Author: David Berry Green
More precisely I spent two days in and around the village of Serralunga d’Alba, the third largest Barolo commune at 311ha (behind La Morra & Monforte d’Alba), ex 1786ha for all Barolo. As with Burgundy I find it pays to passegiare among the vines, to see for oneself the varying terroirs: from the deep red clays at the base of the village, home to Fontanafredda, to the finer calcareous rich marls of the top sites, at 450 metres elevation heading out towards Roddino. Conterno’s Cascina Francia & Giacosa’s Falletto are to be found among the latter.
Serralunga reminds me of Vosne-Romanée; the suave, subtle elegance of the wines are underpinned by an aristrocratic structure and mineral, rock-like fruit mesh. So different from the velvety Chambolle-esque feel of Castiglione Falletto or meaty, Nuits St. Georges-like full-bodied notes of Monforte. Massolino, Conterno and Giacosa remain the top addresses, blessed with fine vineyards and gentle large oak ageing. Barolo 2005 looks promising if earlier maturing than 2004; 2006 richly structured for the long term; while the 2007 looks cooler and perfumed.
Soldera’s Casse Basse, en-route to Umbria proved a fascinating detour. Gianfranco’s policy of ageing his Brunello wines for up to 6 years in large slavonian oak flies in the face of current tastes (for french oak) yet delivers finely-tuned, harmonious wines; the 1994 Brunello opened over lunch appeared muddled yet blossomed into a rose-scented beauty. The 2001 Riserva, by contrast, gave a brief moment of redcurrant brilliance before closing down; a promising future without doubt.

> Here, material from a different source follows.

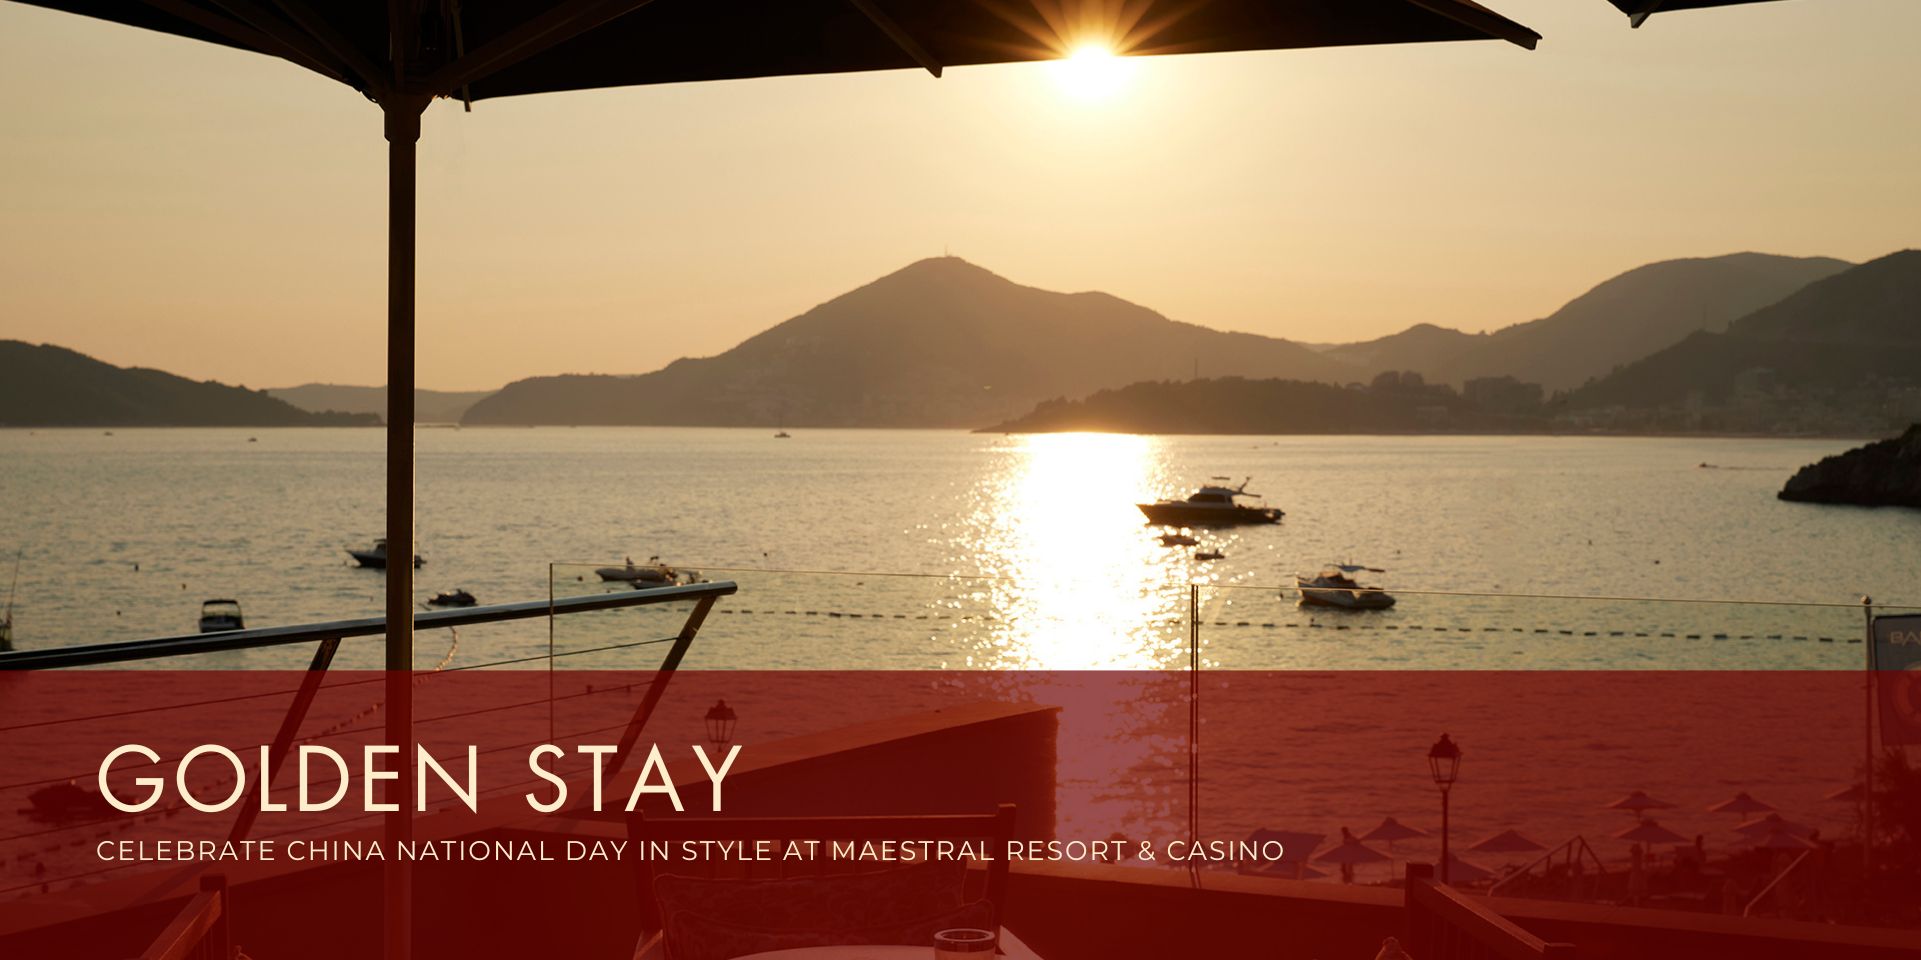 Celebrate China National Day in style at Maestral Resort & Casino

And finally to Umbria where three days in the field threw up a less-than-convincing view of Orvieto, bar the fine wines of Palazzone, yet witnessed a far more encouraging prognosis for red Sagrantino di Montefalco. Spurred on by being awarded its DOCG in 1992, the region was put on the map among the important American market by Arnaldo Caprai. Since then there has been a rash of plantings, taking the number of wineries from 15 in 2000 to 42 in 2008 (and to 662ha).
More than a few of the new estates have unsurprisingly sought to ape Caprai’s success, producing ‘marmalata’ wines, thickly concentrated with high alcohols and dangerously-low acidities; popular perhaps with journalists but less comfortable at the dinner table. One contributor might be that the best (vineyard) sites have traditionally gone to olive groves, relegating the vine to the less than ideal clayey bottom of the slope; that a tiny percentage of the best fruit is still hived off to produce Passito Sagrantino or that a significant number of growers still farm cereal alongside vines, thereby increasing their reliance upon wine consultants…Anyway, the future’s bright, with the likes of Bocale & Bea showing the way forward.